His keynote address at the University of Miami’s Real Estate Impact Conference on Friday carried a motivational message for America’s struggling brick-and-mortar retailers. There’s still room for stores to thrive in today’s digital-driven consumer world, but it’s about time the suburban shopping mall evolved into something beyond an apparel-selling box.

Interviewed by Stuart Miller, CEO of Miami-based homebuilder Lennar Corp., Simon took a hard look at the forces pushing retailers to invest in their online platforms.

Retailers are focusing too much on the technology front and not enough on their stores, he told a crowd of over 500 students and real estate professionals at the Four Seasons in Miami.

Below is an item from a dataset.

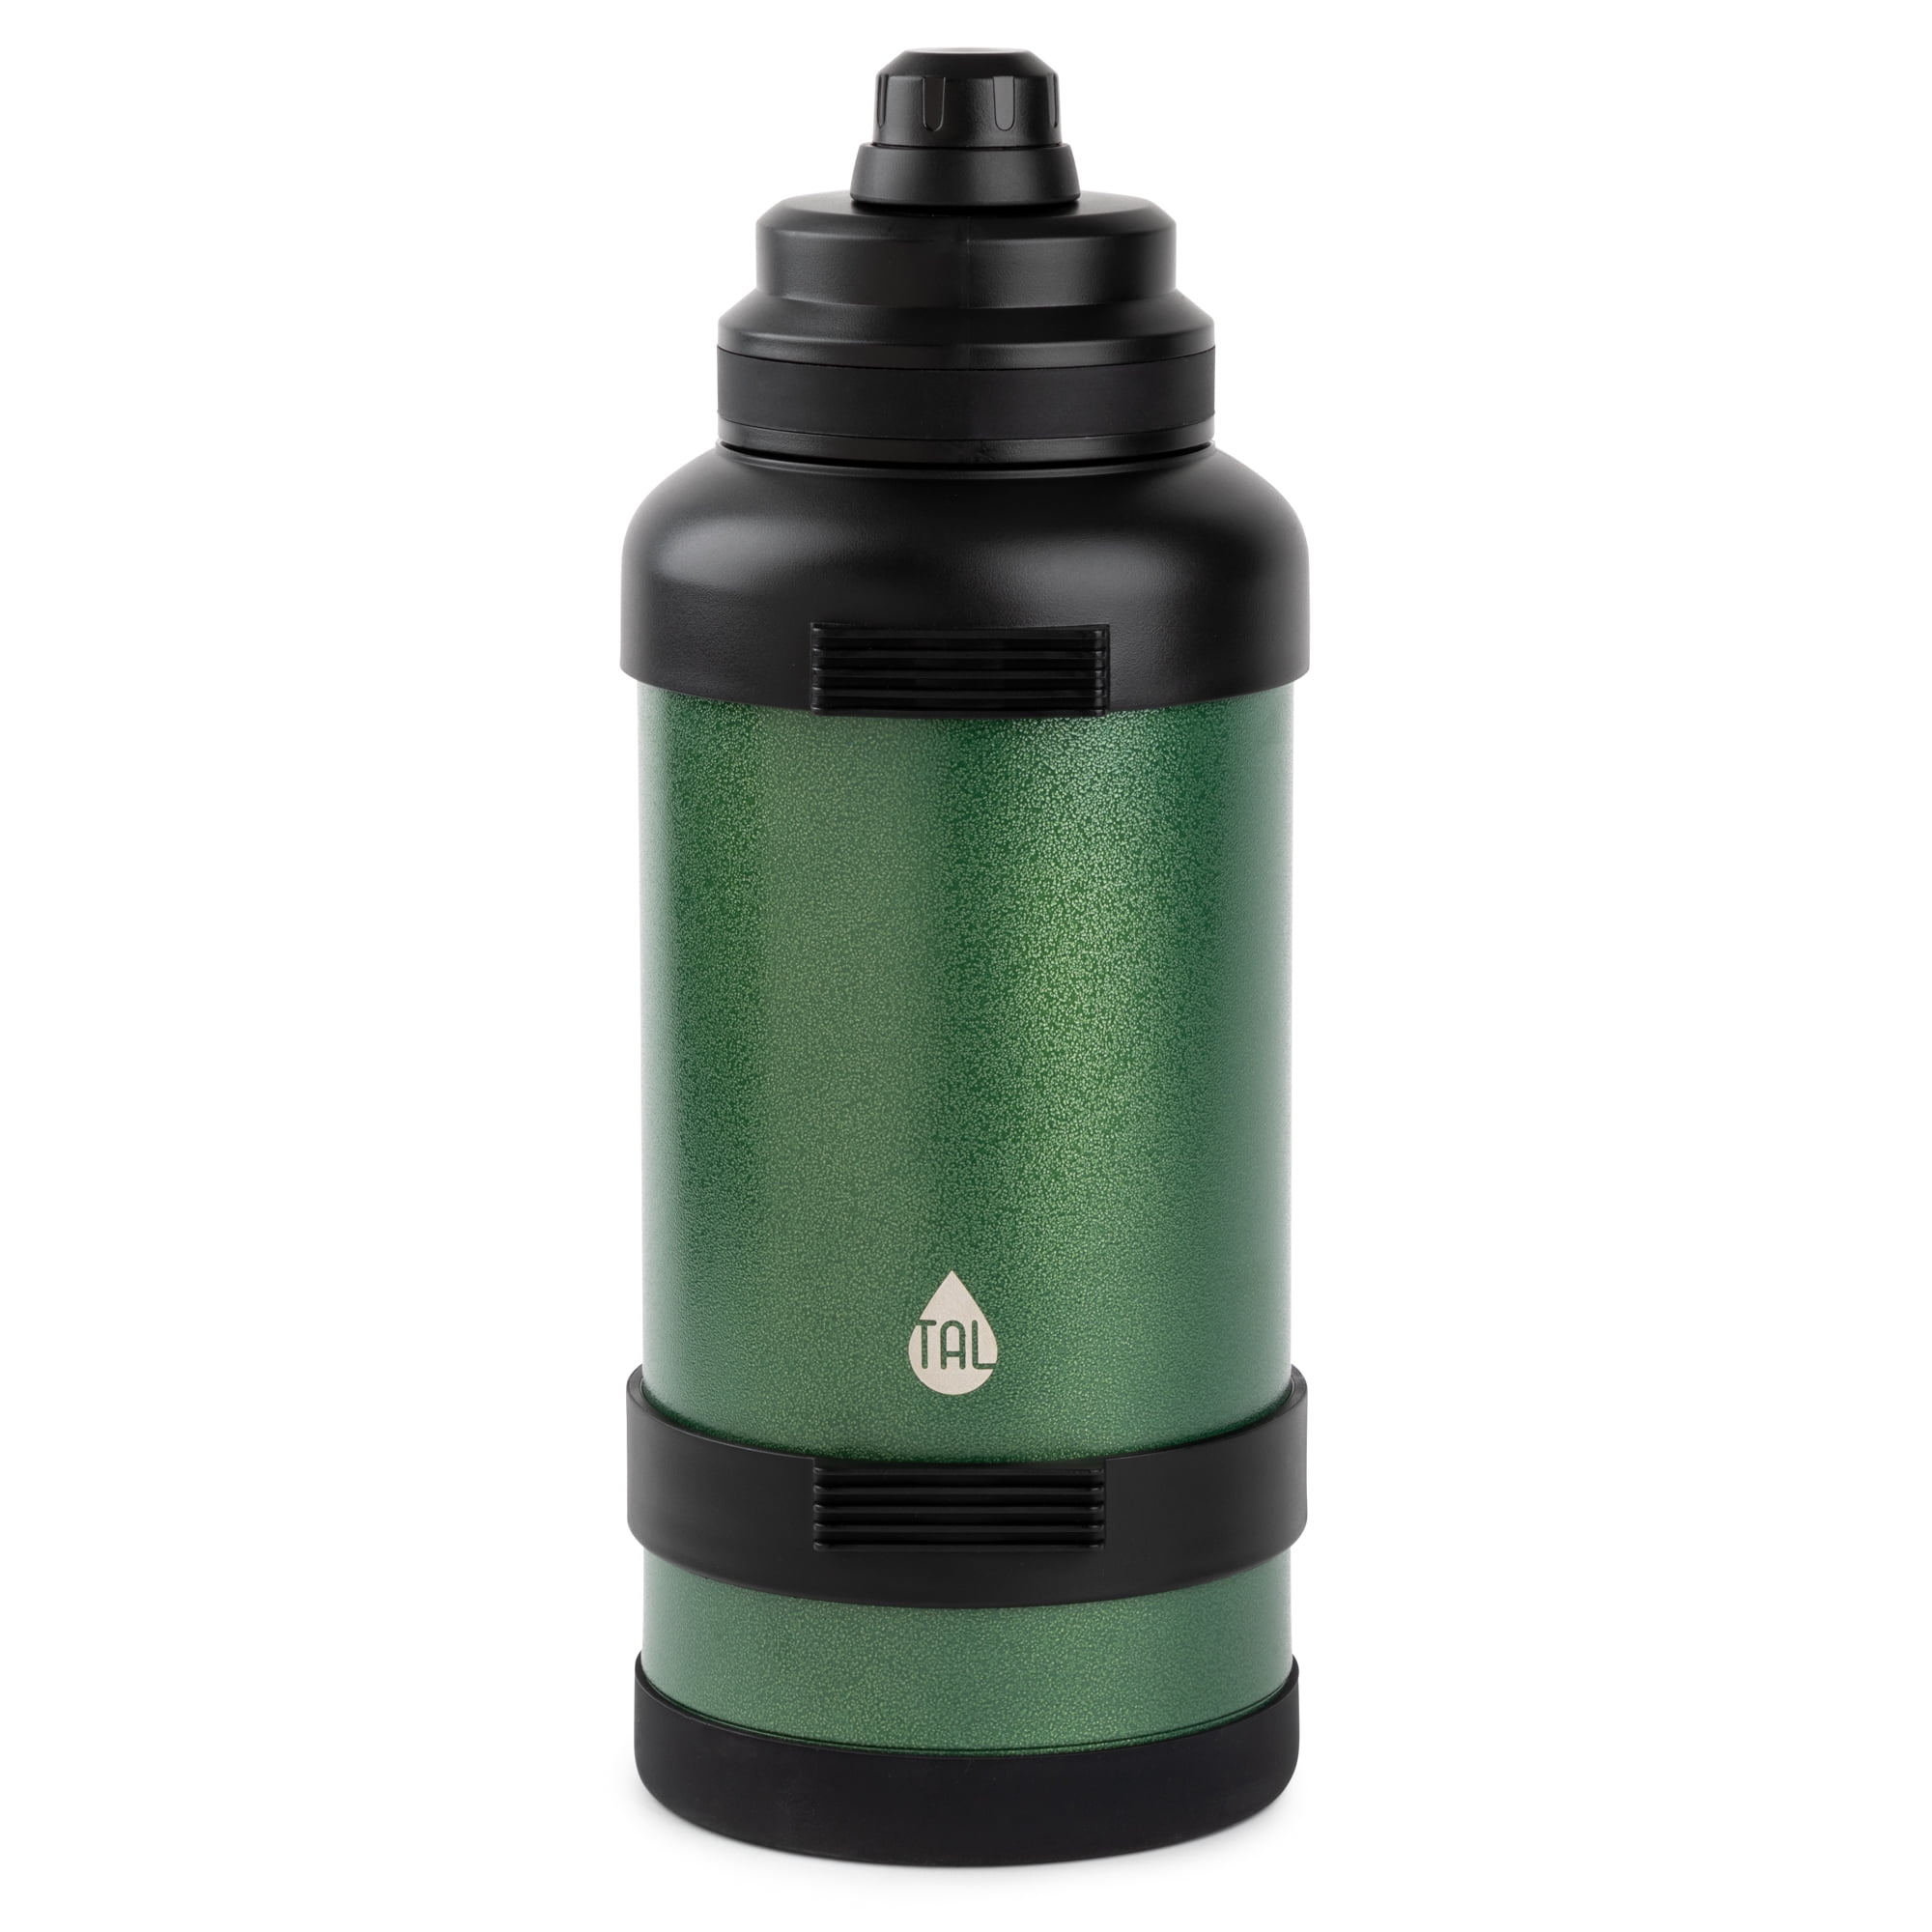 Where can I buy a replacement lid for this TAL 64oz water bottle :  r/wherecanibuythis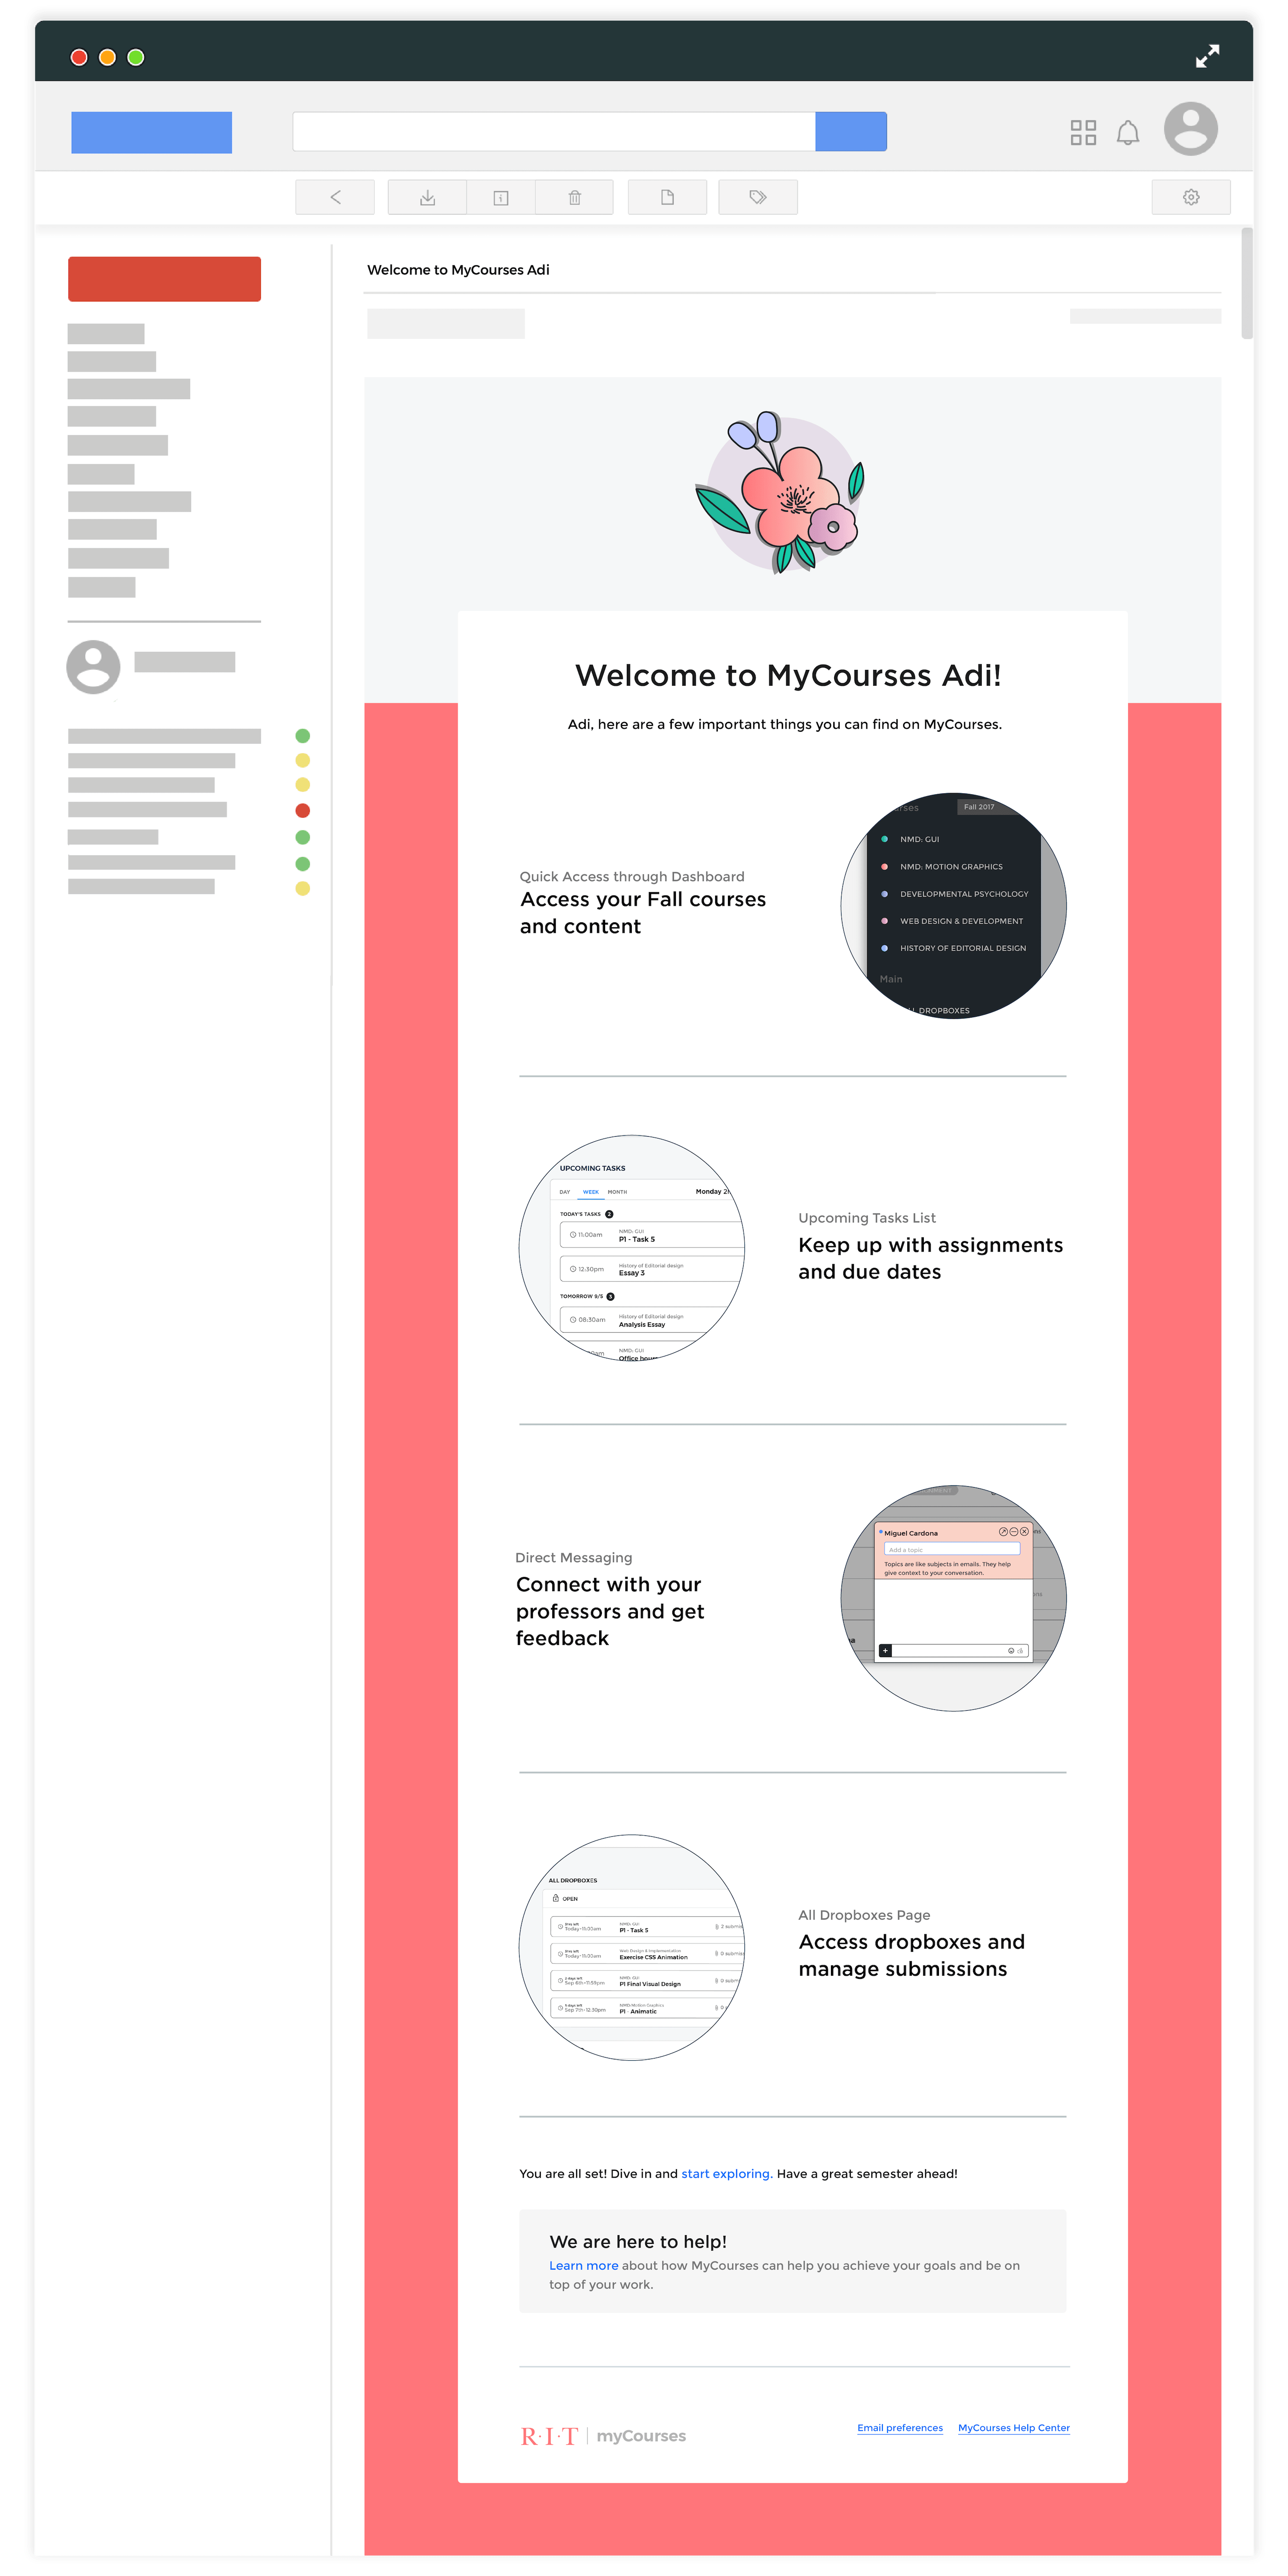 Email mockup showing important features of the app

Simon Property Group, a publicly traded real estate investment trust, acquired Sawgrass Mills in 2007 when the sprawling Sunrise shopping mall had a net operating income of about $50 million. Fast forward to 2017 and that figure is above $130 million. The group upped the mall’s performance by investing in the physical footprint, which included expanding square footage and diversifying its retail mix to attract South Florida’s robust tourism population, Simon said. The group is now working on a 350,000-square-foot expansion that will add a hotel component.

“There are a lot of headwinds, and there are a lot of crosscurrents, the biggest of which is there’s just too much retail space,” Simon said.

There is close to 25 square feet of retail space per capita in the U.S. compared with 3-10 square feet in Canada or Europe, and America’s malls dedicate a massive chunk of that to department stores.

“We need to recapture that space,” he said.

Replacing an underperforming department store with a fitness operator would inject the mall into the daily lives of consumers — “that’s what the community wants.”

CEO-Consumer Connection

When Miller asked Simon what the role of CEOs like him will be in the evolving industry, Simon said communicating with the consumer and understanding their preferences will soon fall under his job description.

Much of the burden to recapture the in-person consumer has shifted from individual retailers to the executives running the real estate business.

“For a mall owner, we never really had a relationship with the consumer,” Simon said. “That paradigm has shifted. It’s up to us to drive traffic directly with the consumer.”

Simon Property Group aims to provide better service at its shopping malls and reduce their reliance on apparel. The group has recently added 3,000 units of apartments or hotels to its portfolio.

At shopping malls, the No. 1 complaint is parking. How can technology help improve the parking experience? How can the internet’s search function be mirrored at the mall? Wouldn’t it be great if the mall told consumers exactly which stores carried the products they’re looking for? Or which stores are having promotions?

Simon will address these questions over the coming months with the goal of increasing the intelligence of the mall itself.

He said he doesn’t sense much conviction in today’s retail world, “but we have to take it upon ourselves to force the thought.”

Simon Property Group owns about 100 malls and 70 outlet centers across the U.S., including Miami’s Dadeland Mall and The Falls, Doral’s Miami International Mall and a 25 percent interest in the newly completed Brickell City Centre. Occupancy across its U.S. portfolio was 97 percent at year-end, according to the company’s fourth-quarter report.